Last week John Bolton remarked that the end game of the nuclear negotiations with North Korea was to replicate the “Libyan model.” Later, Bolton spelled out that what he meant was that all of North Korea’s nuclear devices should be turned over to us and “stored at Oak Ridge.” President Trump was unclear about whether he agreed or disagreed with this notion, or even if he understood what was being proposed. But let’s begin with a brief history of the Libyan nuclear program. (Much of this story can be found in the book Unclear Physics by Malfrid Braut-Hegghammer. The origin of this odd title for a book about the Iraqi nuclear program is that a secretary typing a memorandum had accidentally typed in the heading “Unclear” for “Nuclear.” Some of the participants in the program thought that this was an apt description.)
In thinking about Libya it is easy to forget that when Colonel Muammar Qaddafi took over the country on September 1, 1969, Libya (thanks to its oil revenues) was a wealthy country. As an example: In 1979 Libya gave the Pakistanis $133 million to help finance their nuclear weapons program.
What exactly Qaddafi expected to get from Pakistan is not clear. He certainly wanted a nuclear program of his own, although in the beginning Libya’s stated goal was nuclear power which would involve having reactors which could also produce plutonium. In 1977 a nuclear research center was created in Tajoura, near Tripoli. The problem then, and throughout the life of Libya’s program, was that of trained personnel. There were simply not enough Libyans who could do the work.
Instead, Libya imported trained personnel from places such as Egypt, but this proved an unreliable source of technical expertise as these workers could be recalled whenever political relations soured.

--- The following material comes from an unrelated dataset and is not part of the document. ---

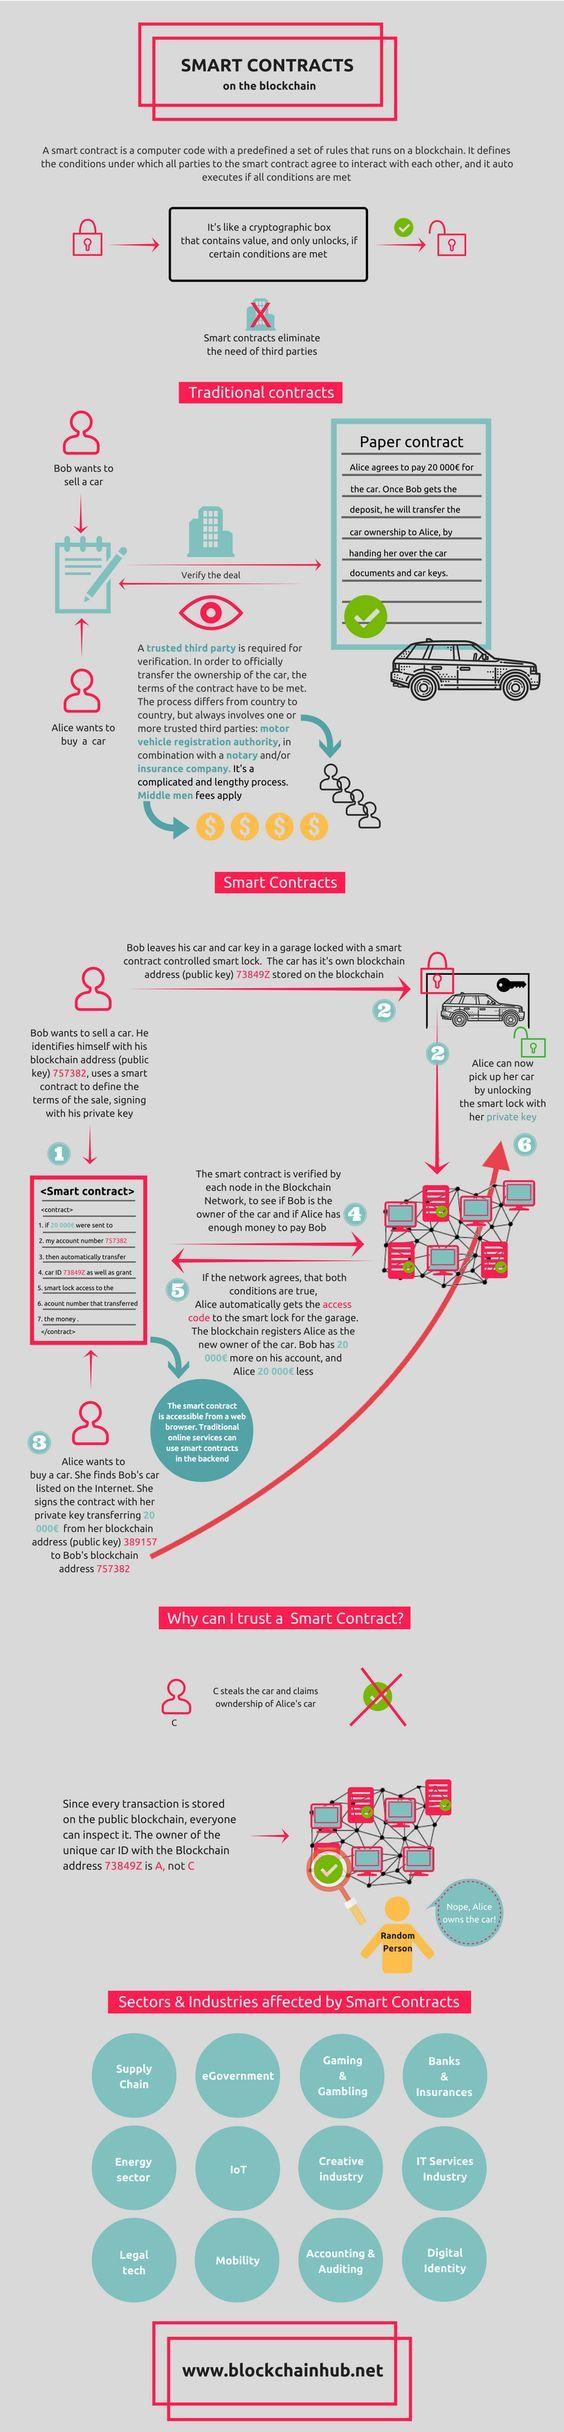 Smart contracts explained - BlockchainHub

The International Atomic Energy Agency became active, trying to create courses of instruction so that Libya could grow its own crop of technically proficient workers, the IAEA found that the Libyans didn’t attend.

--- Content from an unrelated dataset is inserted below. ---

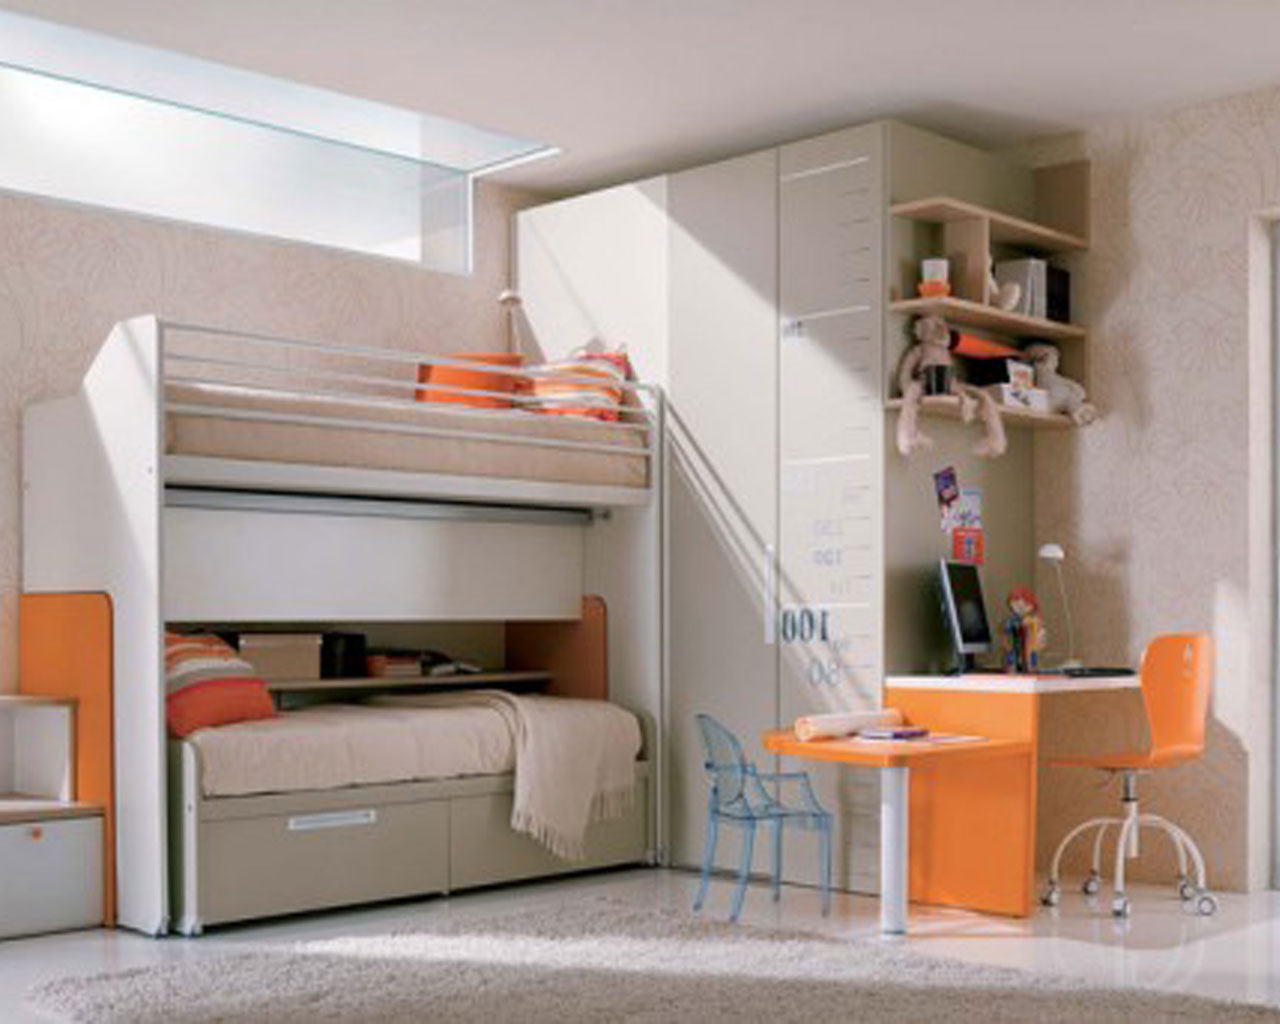 Simple White Providing Sanctuary In Teenage Girl Bedroom (Image 10 of 10)

Unable to build their own, the Libyans tried to buy reactors. The Russians finally sold them a fairly small one, but I do not believe it ever produced an ounce of separated plutonium. The Libyans wanted a centrifuge program, but could never construct a single centrifuge.
Things changed in 1989 when the regime purchased what should have been a turn-key nuclear weapons program from the Pakistani proliferator A.Q. Khan. The Libyans did manage to use what they bought to create a cascade of nine centrifuges, but hey would have needed thousands in order to create enough fissile material. They also bought the design for a Chinese nuclear device.
On January 22, 2004 a vast amount of documents, plus one finished and one unfinished centrifuge, were transported by the CIA out of Libya. The centrifuges ended up, per Bolton, in Oak Ridge.
So that’s the Libyan model.
Unlike Libya, North Korea has perhaps as many as 40 completed nuclear devices. The North Koreans have thousands of centrifuges. They have functioning nuclear reactors. They have hundreds of technically-sophisticated and trained native personnel.
Are these—all of them—going to be sent to Oak Ridge? And even if we were to try to secure this vast array of materiel and personnel in Oak Ridge, how could we verify that we had all of it? Because nuclear devices themselves can easily be hidden.
I do not see what the end game of these negotiations is, but it cannot be the Libya model.